* WORK TASK *
What is needed is an exact copy of the whole listing below, with no pictures.

* DATASET CONTENT *
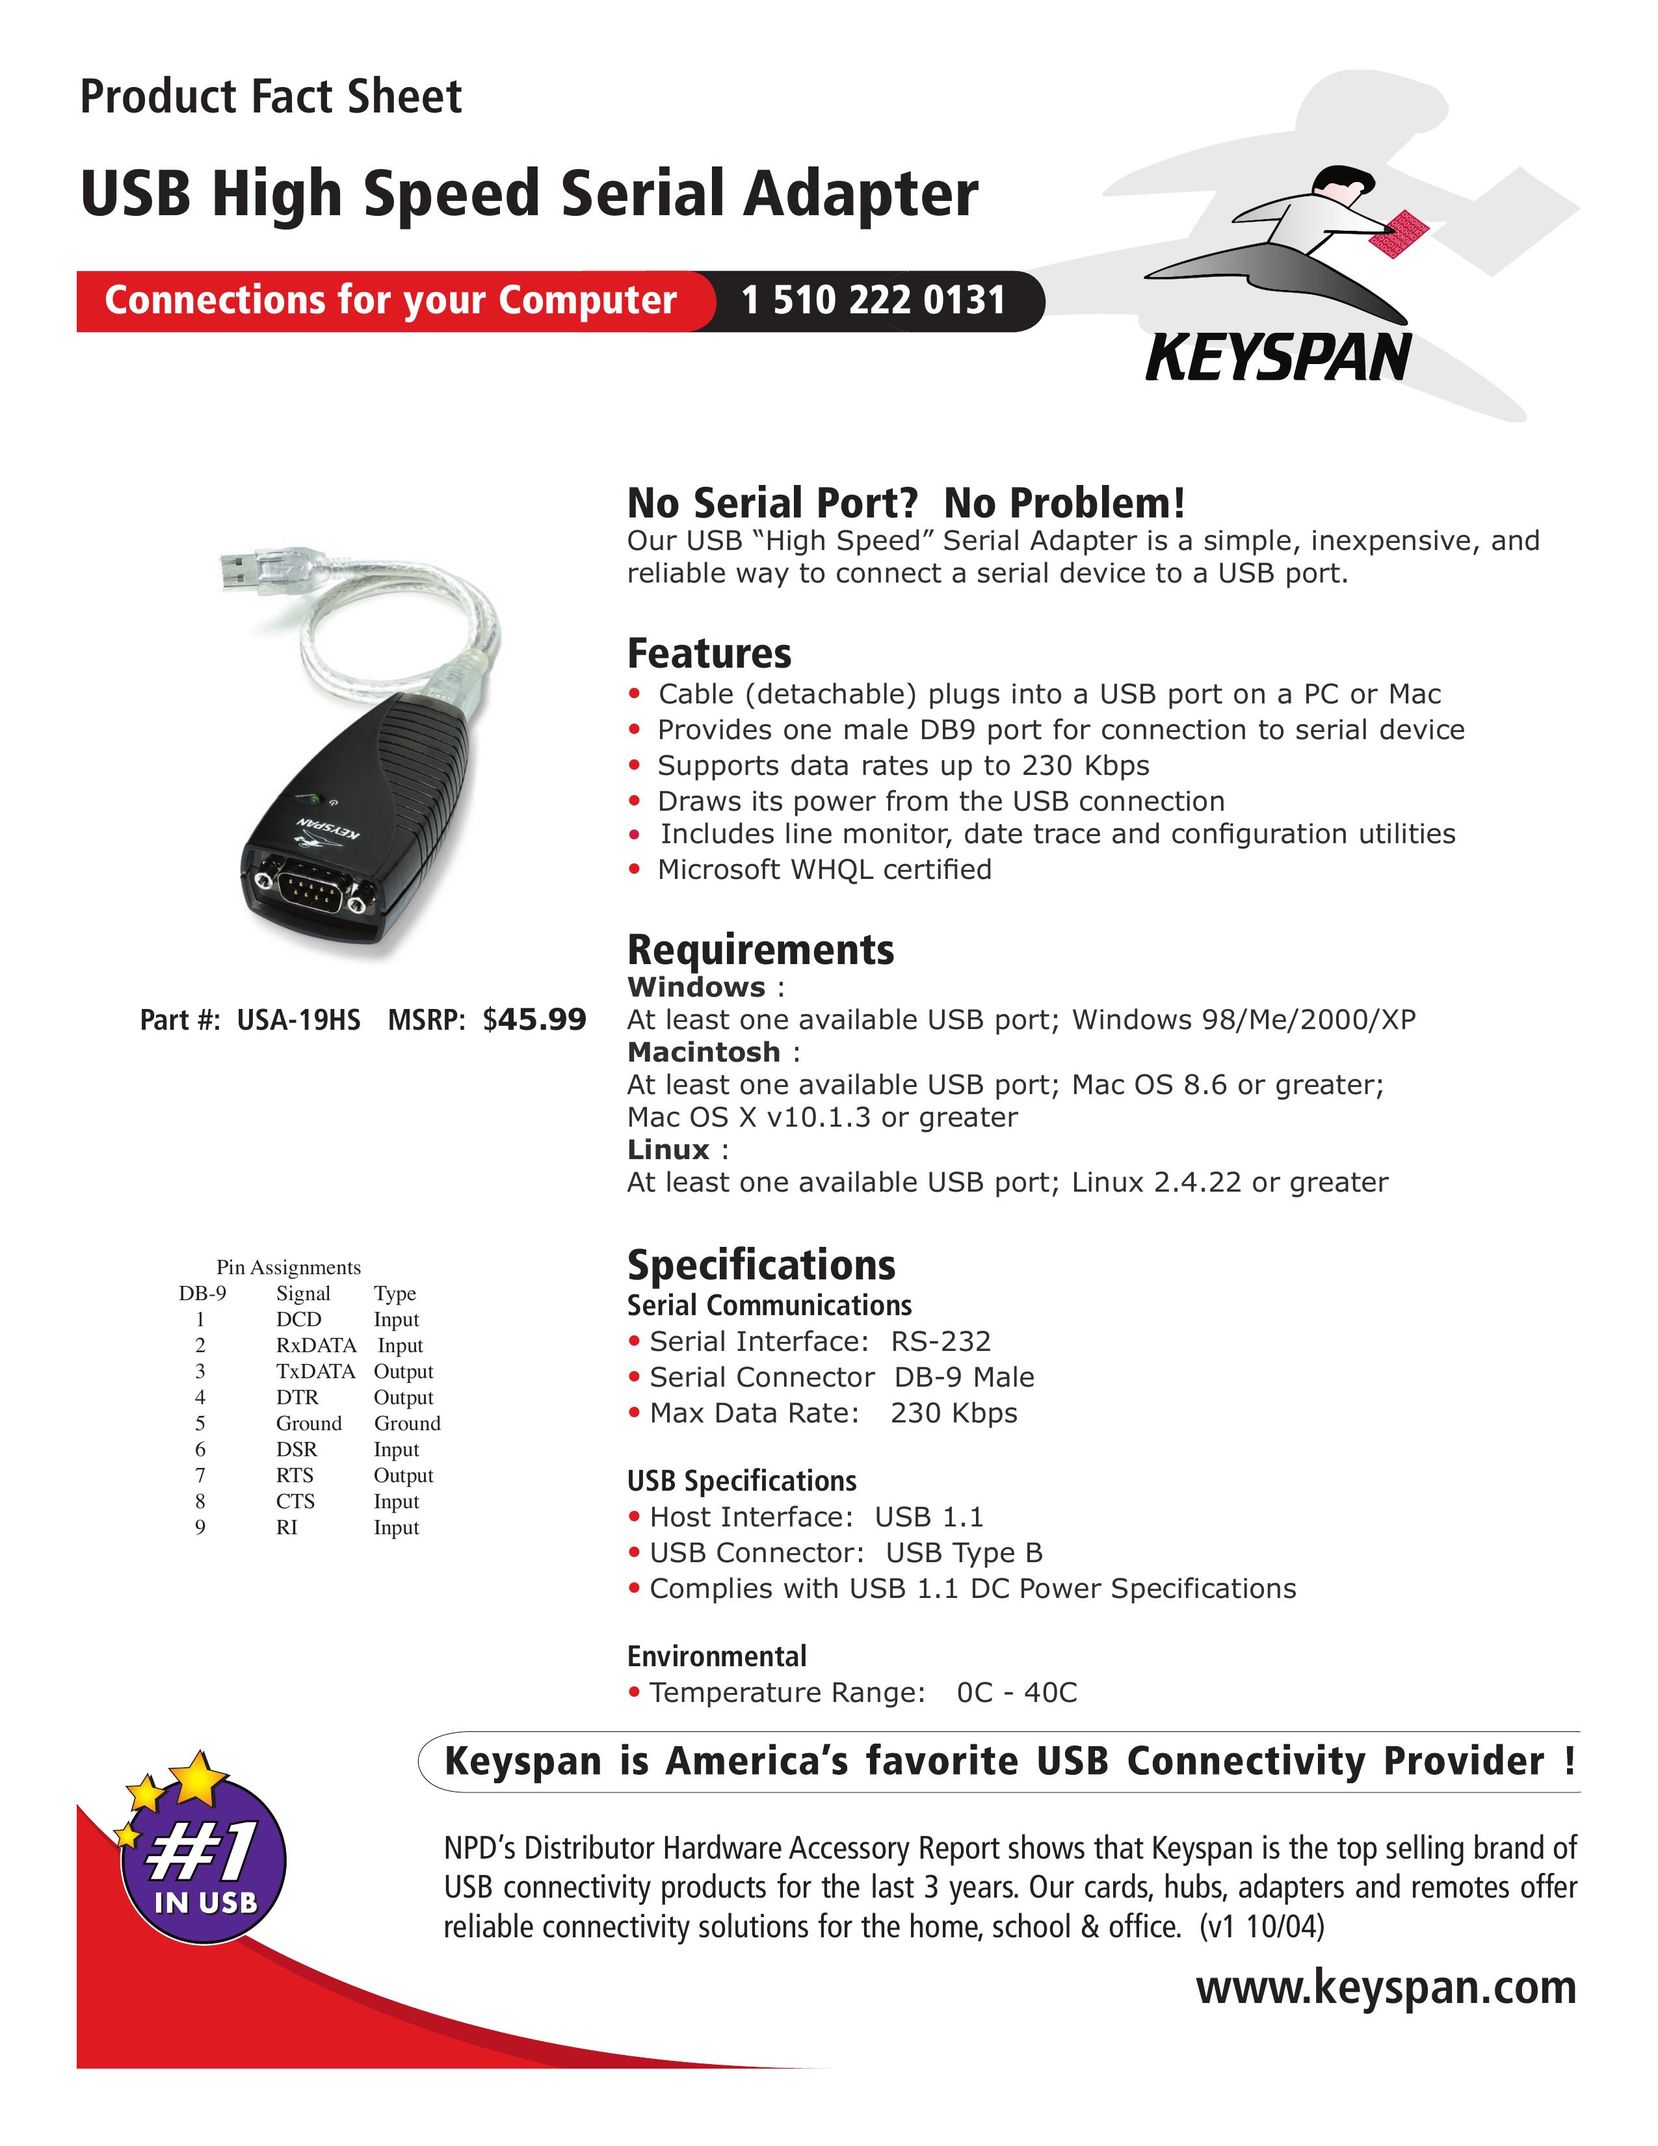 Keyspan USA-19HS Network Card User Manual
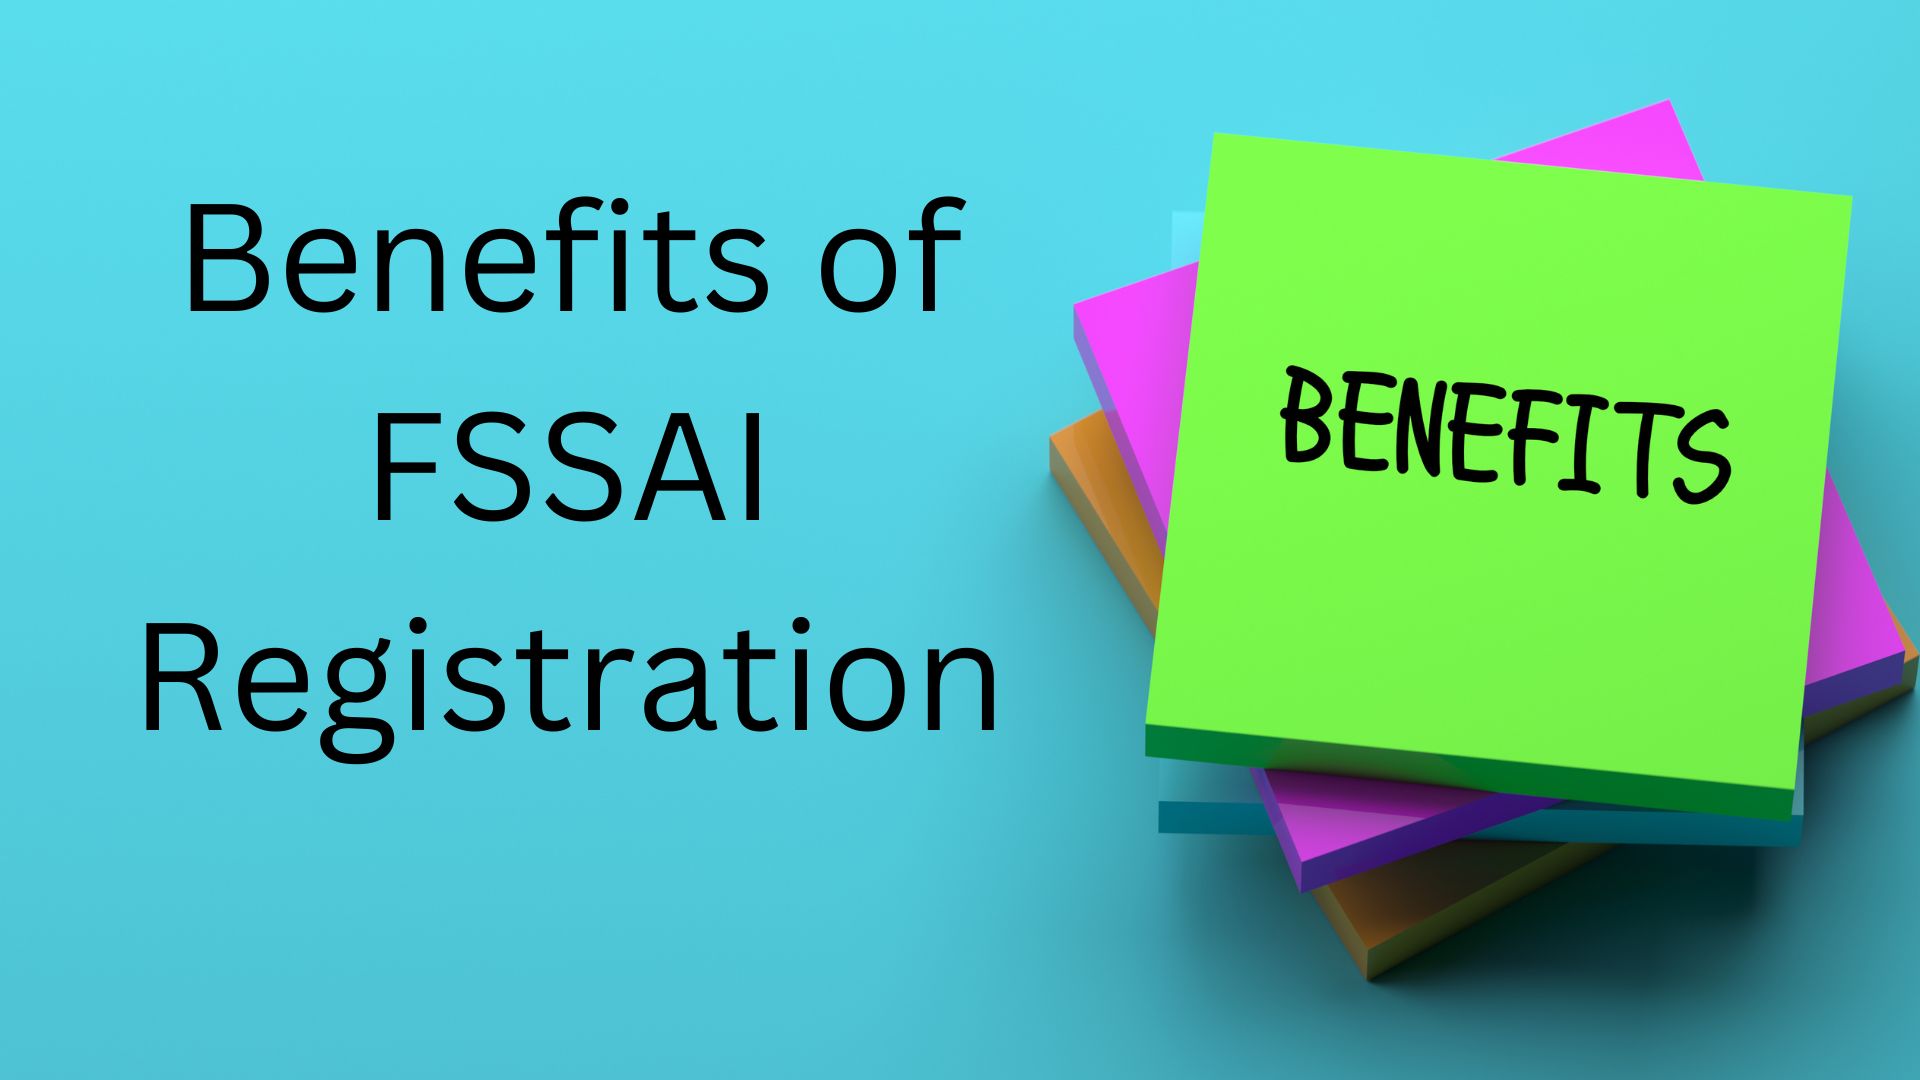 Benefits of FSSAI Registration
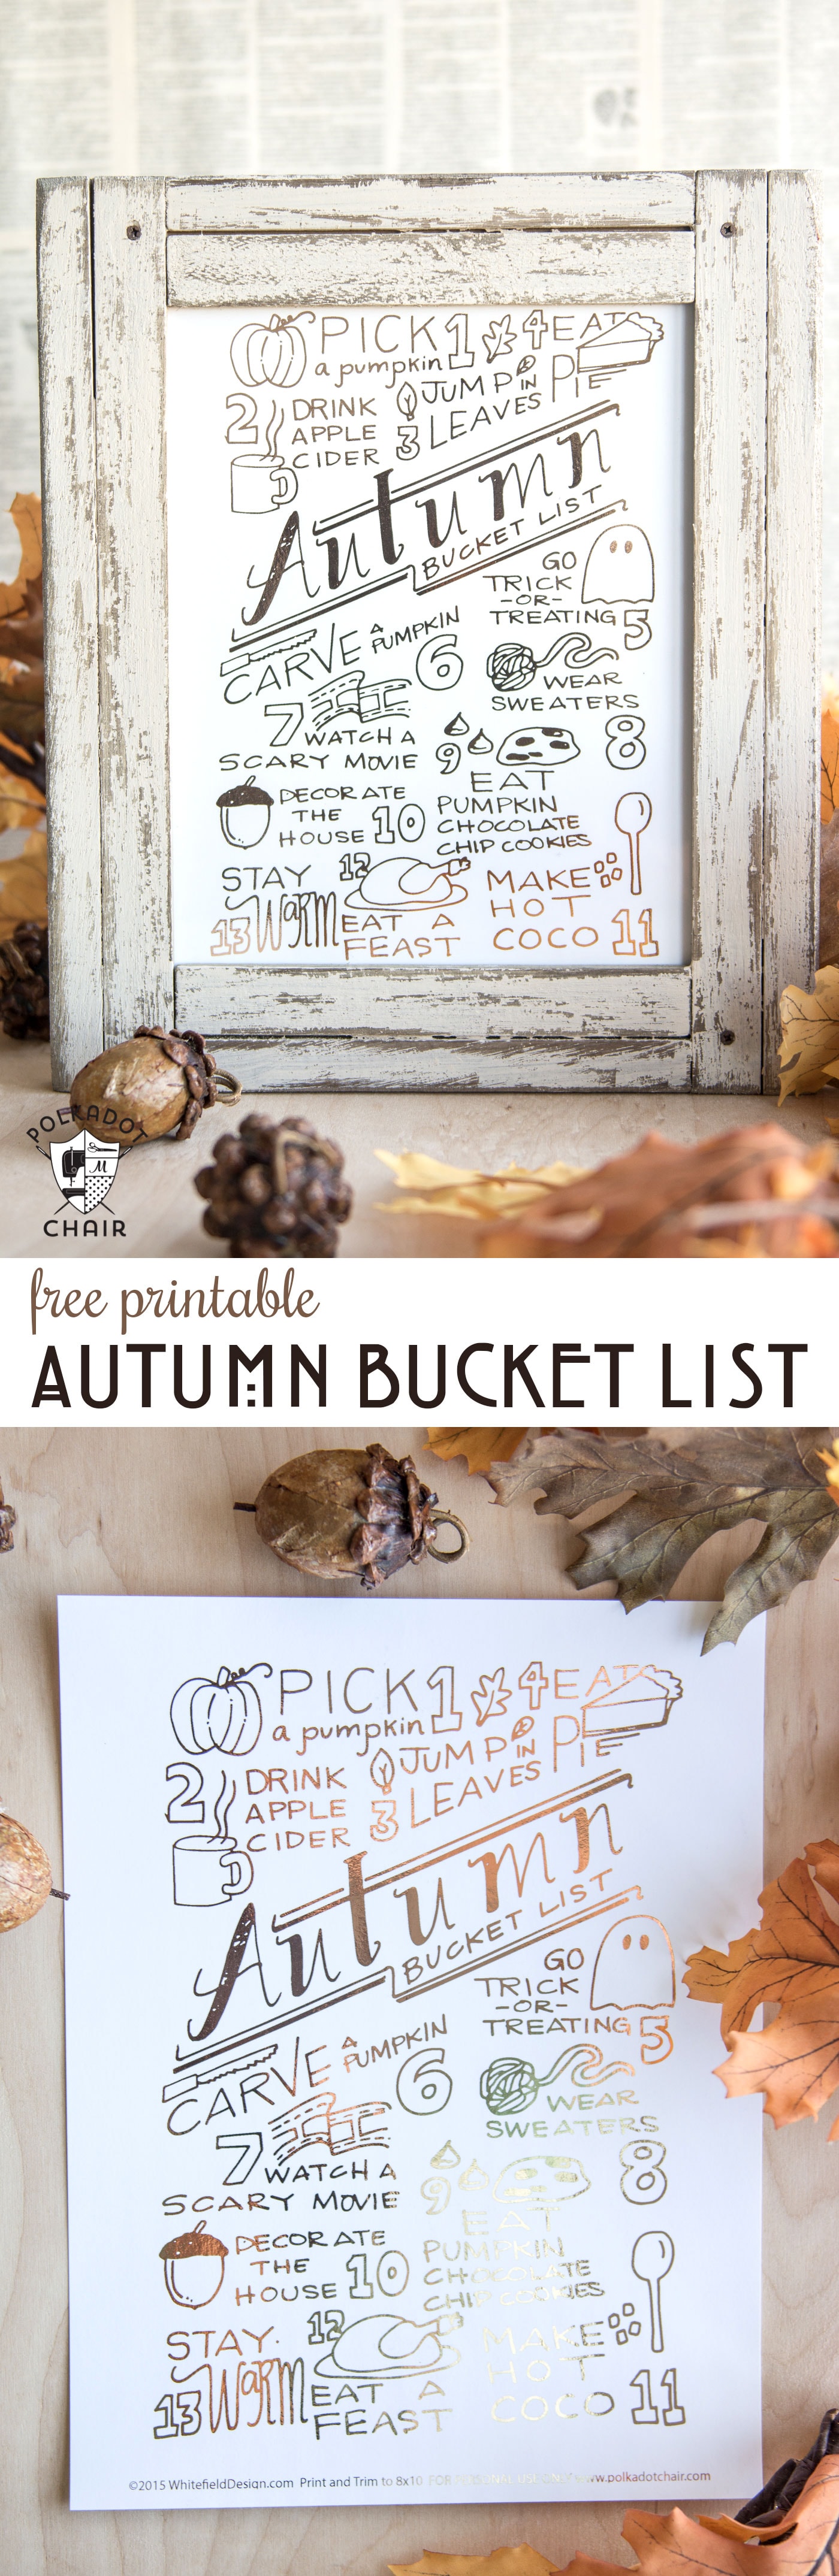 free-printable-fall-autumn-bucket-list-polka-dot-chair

* WRITTEN REPLY *
 Keyspan USA-19HS Network Card User Manual
 Benefits of FSSAI Registration
 free-printable-fall-autumn-bucket-list-polka-dot-chair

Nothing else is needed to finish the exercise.